TASK REQUIREMENTS
Leaving the pictures aside, reproduce the data in full and word for word.

DATA EXCERPT
== Segment start ==

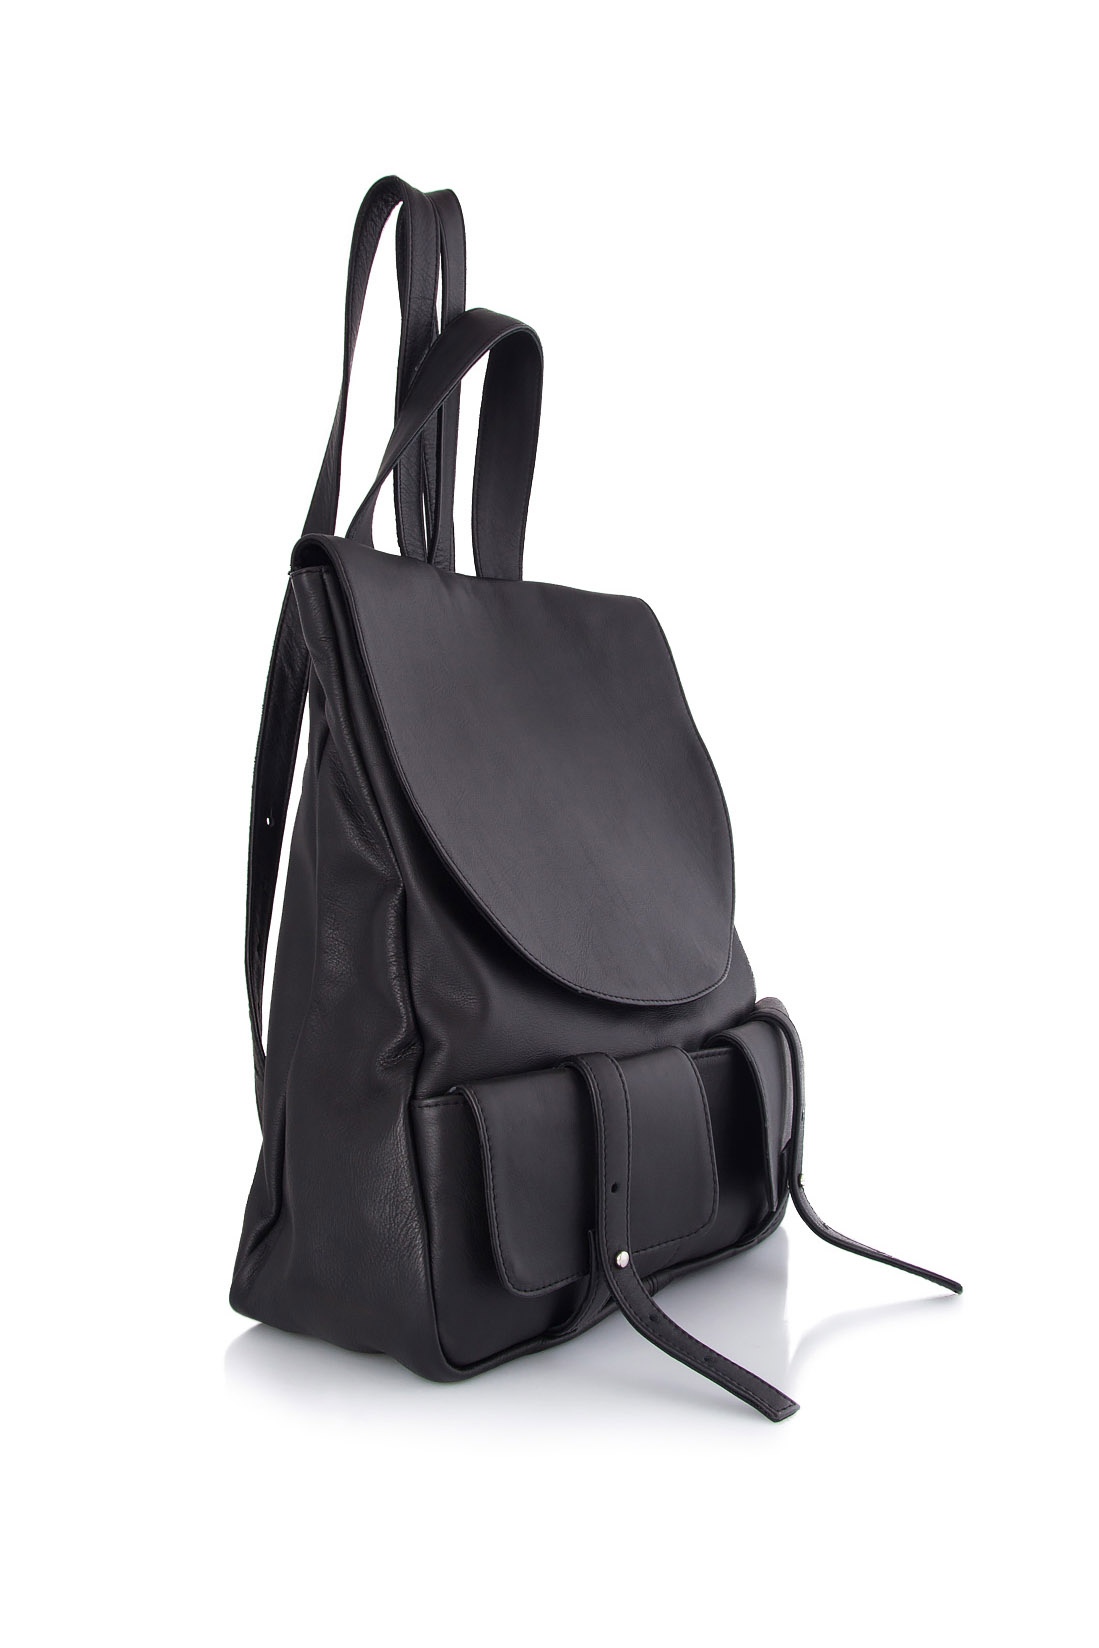 Black leather backpack Mihaela Glavan  image 1
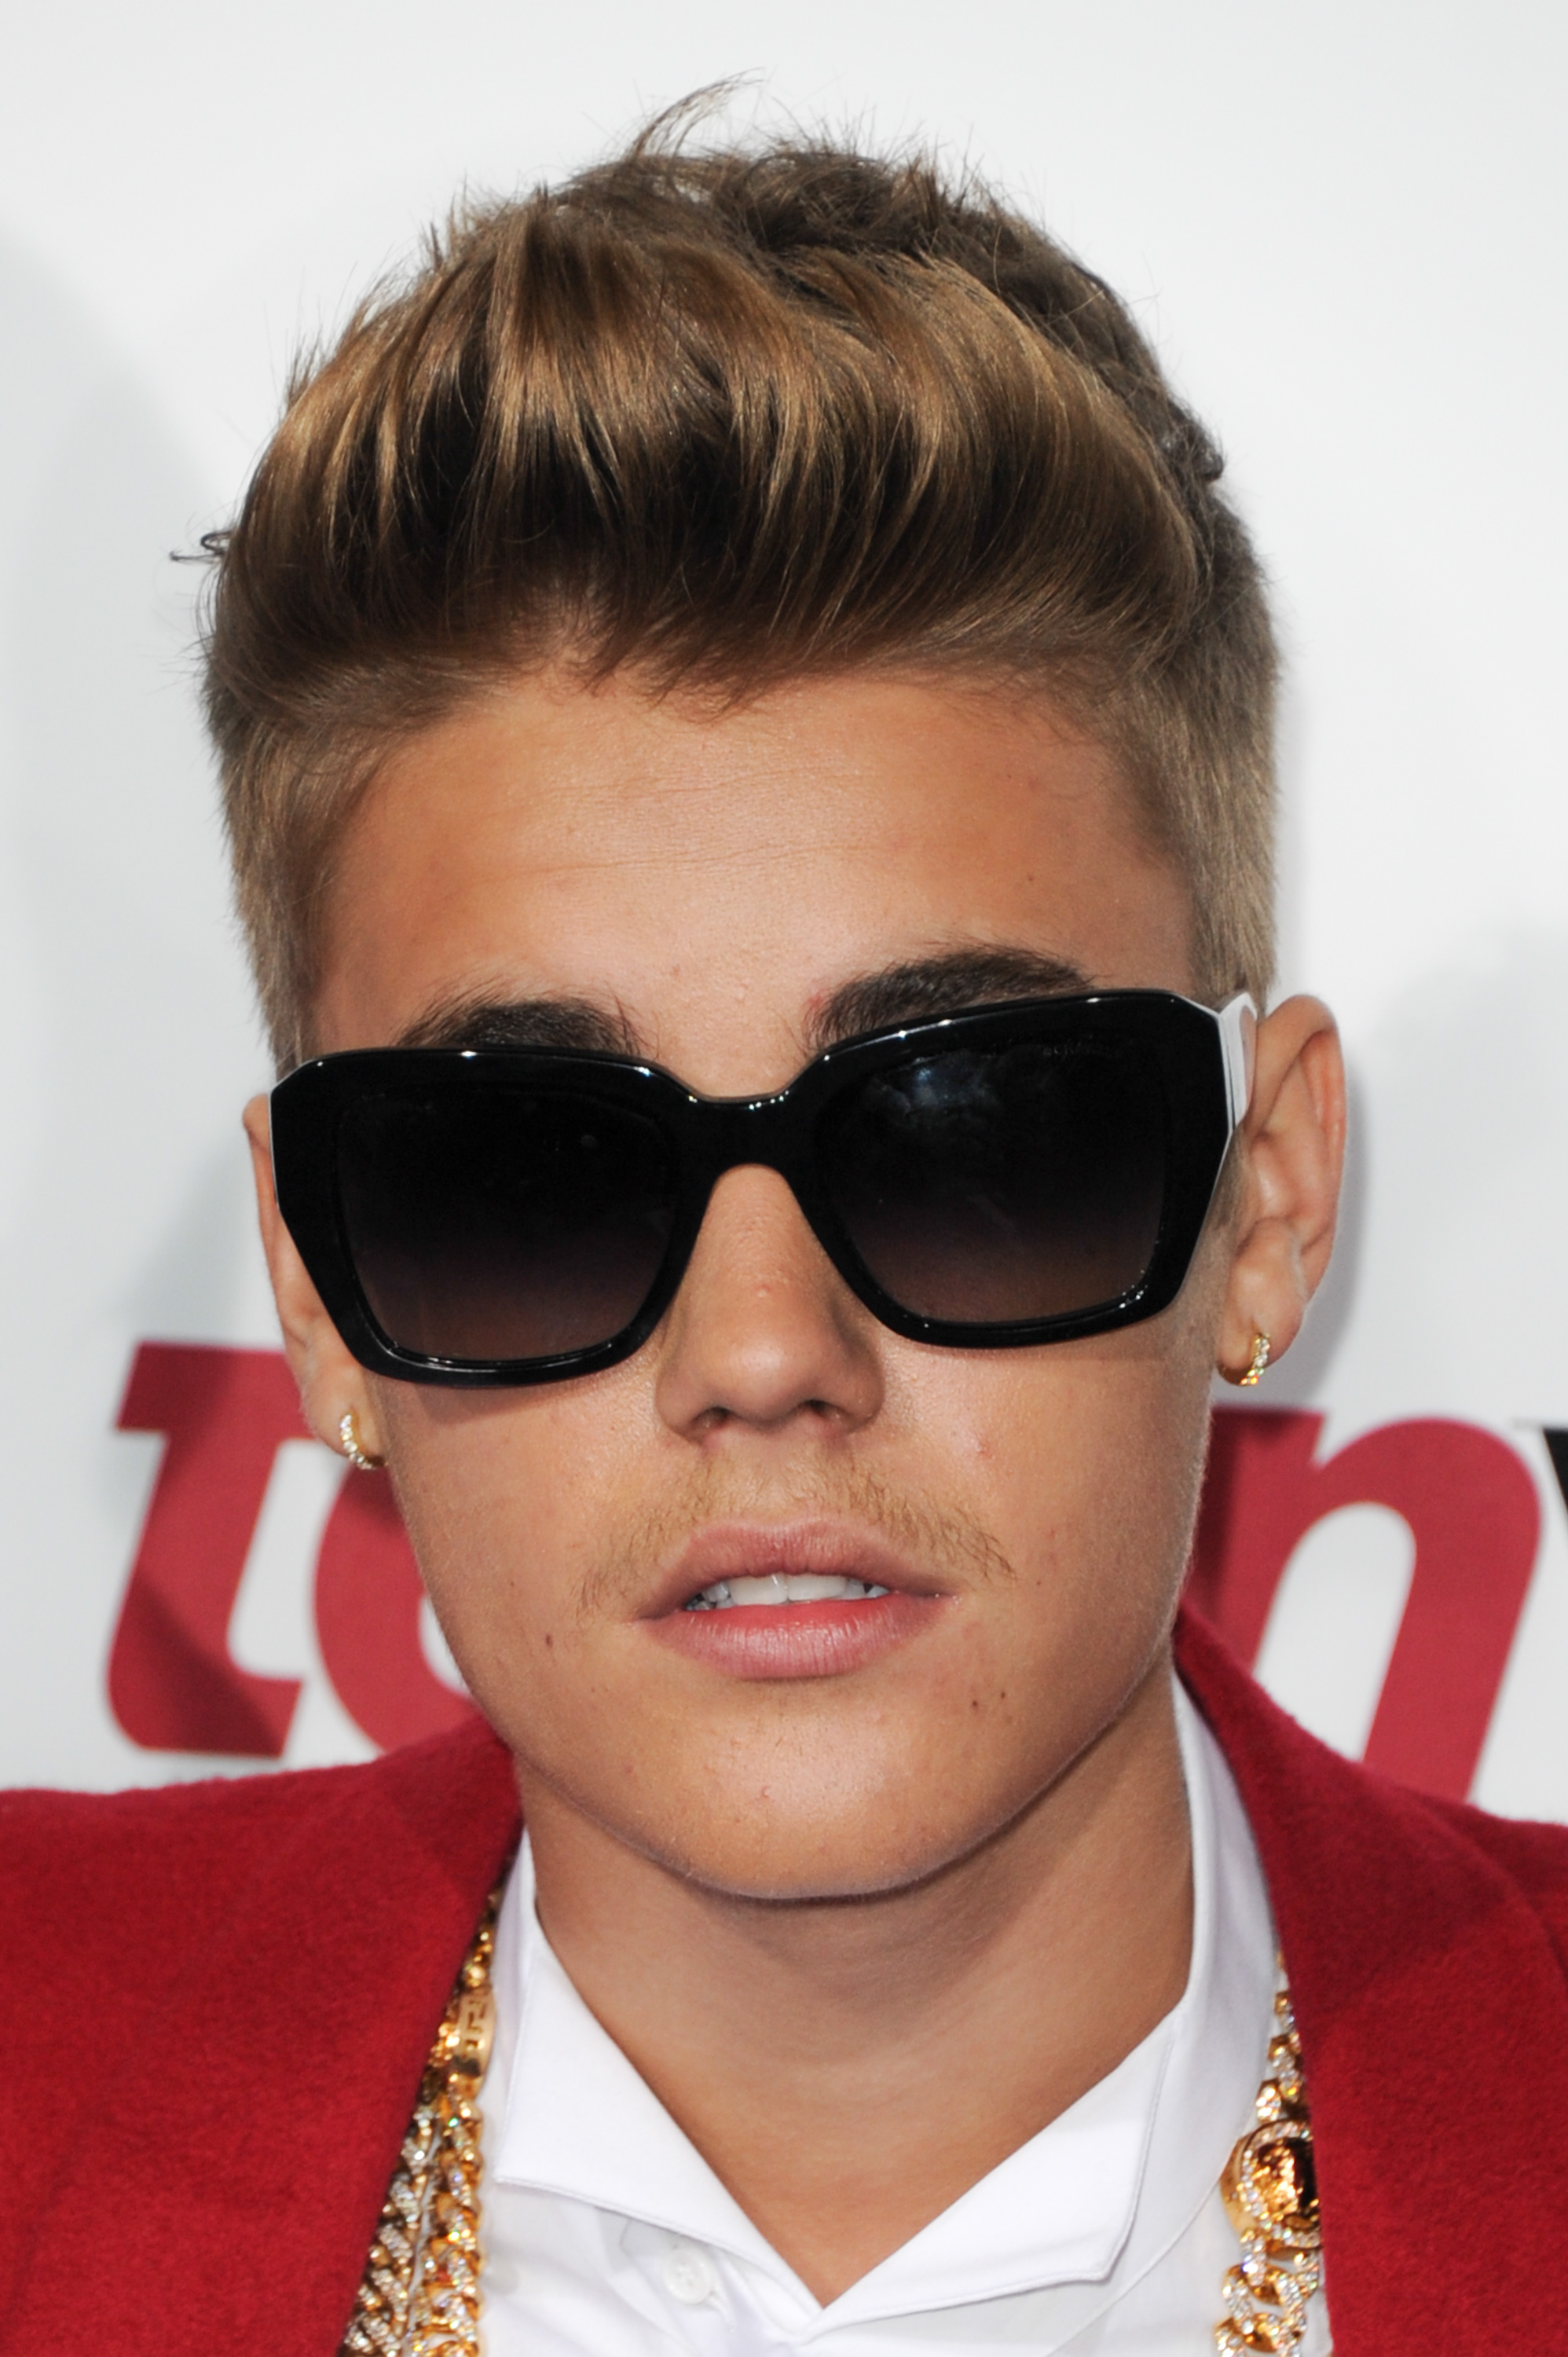 Premiere Of Open Road Films' "Justin Bieber's Believe" - Arrivals
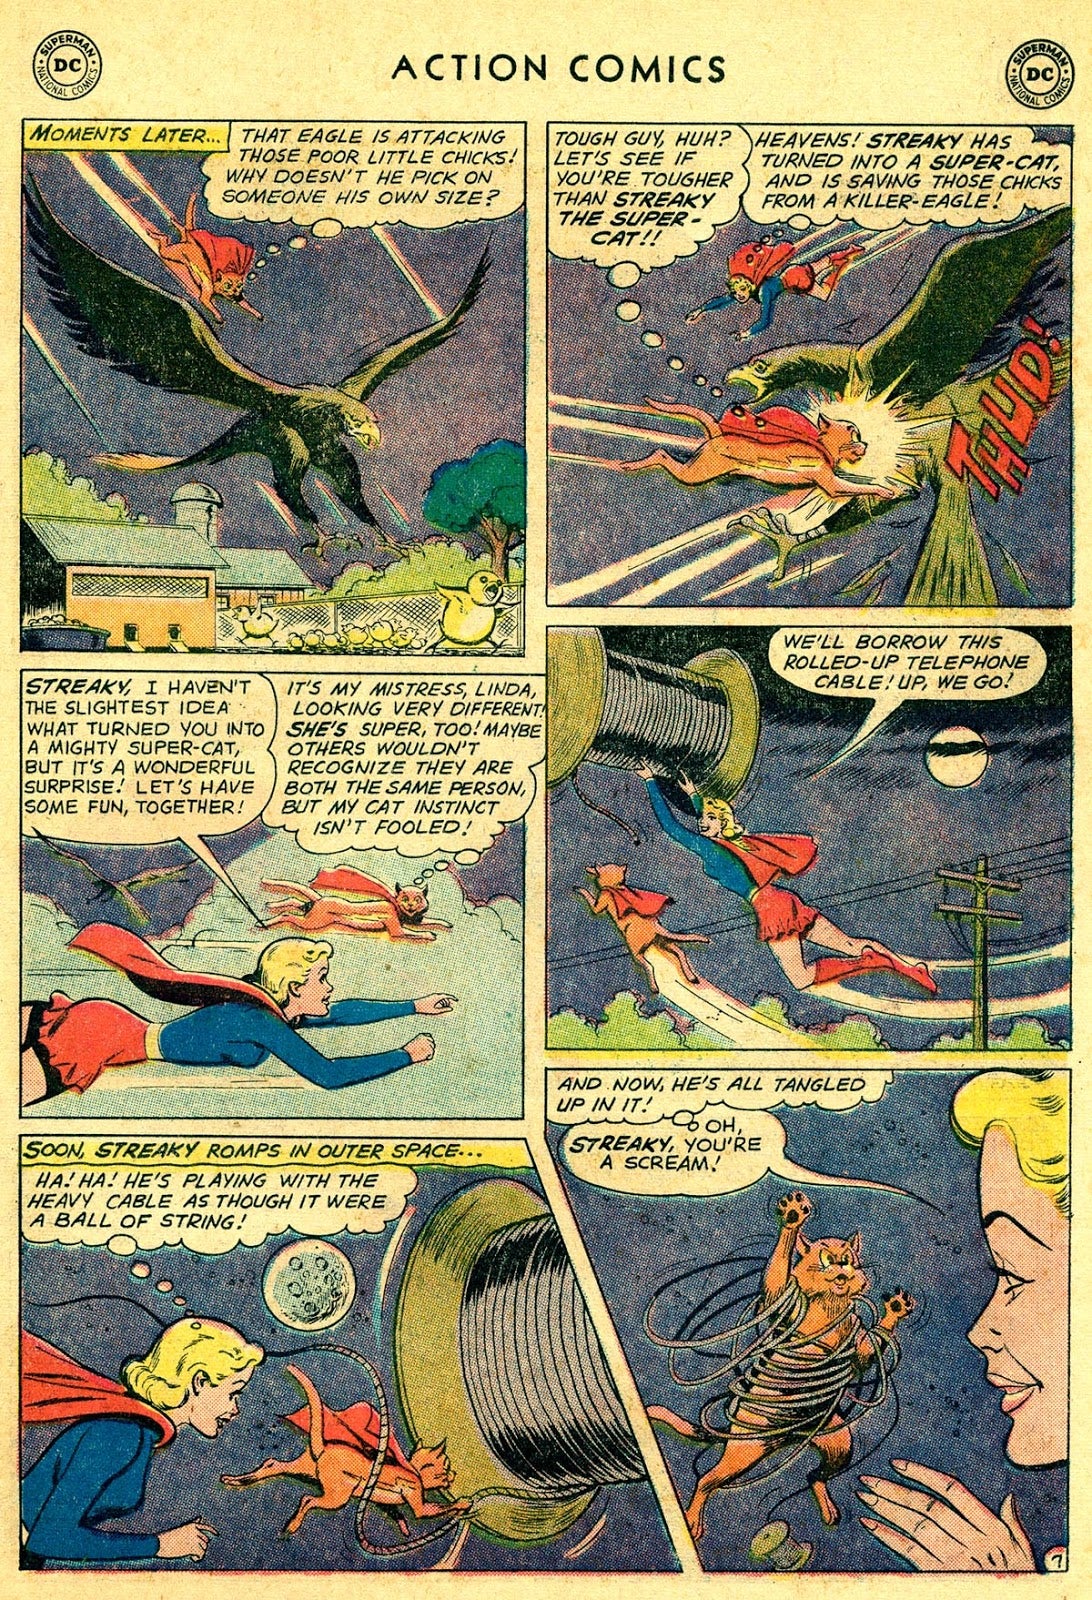 Action Comics #261 (Image: DC Comics)
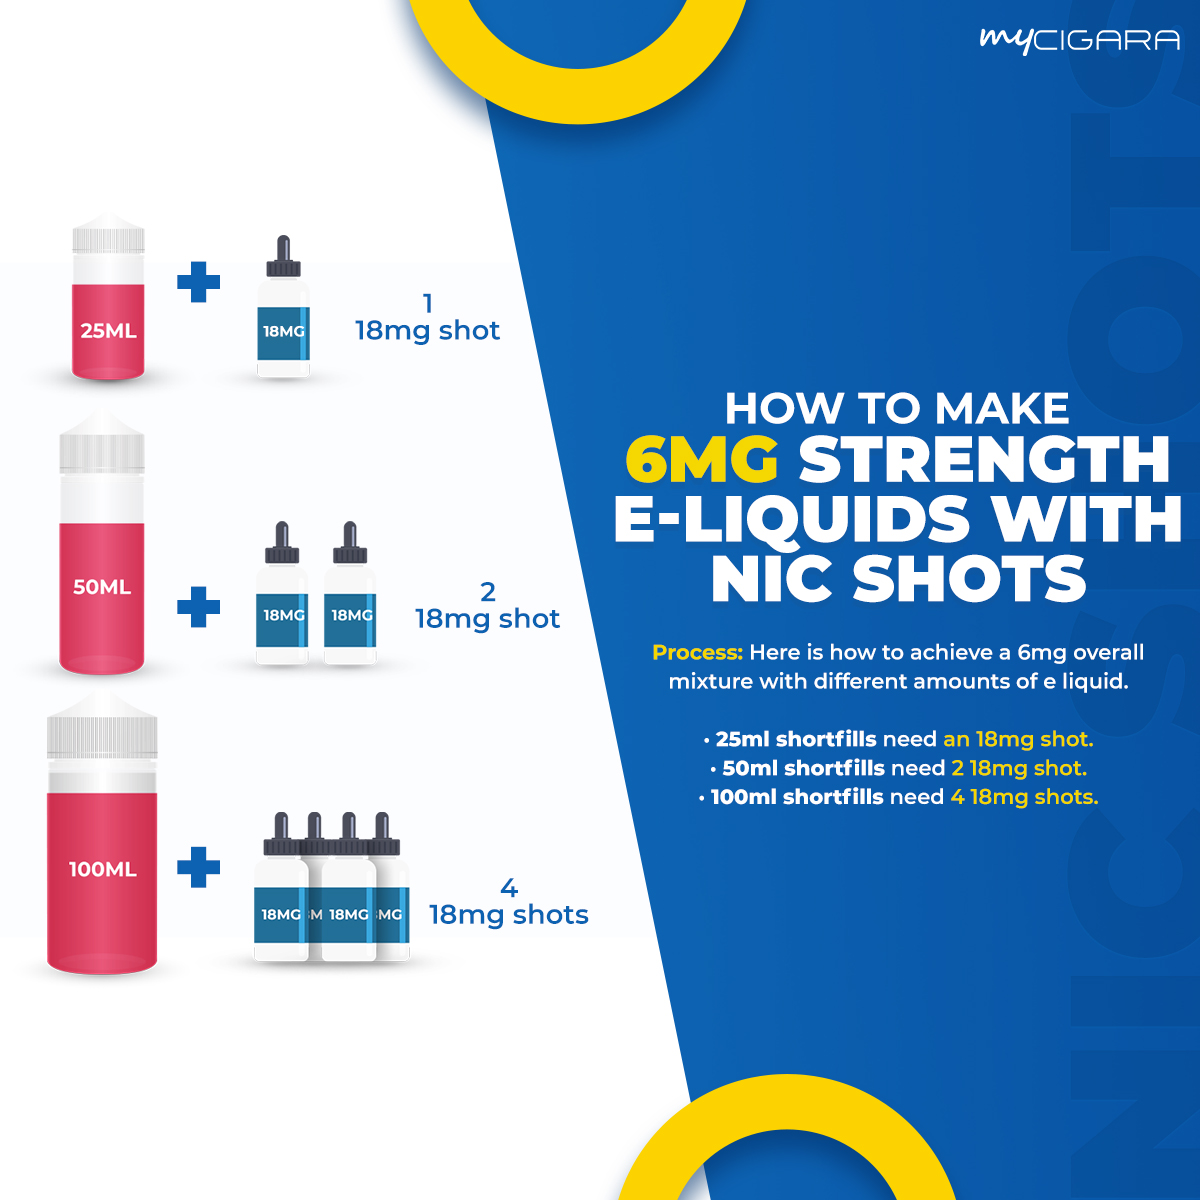 How to Make 6mg Strength E-liquids With Nic Shots

== Segment end ==

COMPLETED EXERCISE
 Black leather backpack Mihaela Glavan  image 1
 Premiere Of Open Road Films' "Justin Bieber's Believe" - Arrivals
 Action Comics #261 (Image: DC Comics)
 How to Make 6mg Strength E-liquids With Nic Shots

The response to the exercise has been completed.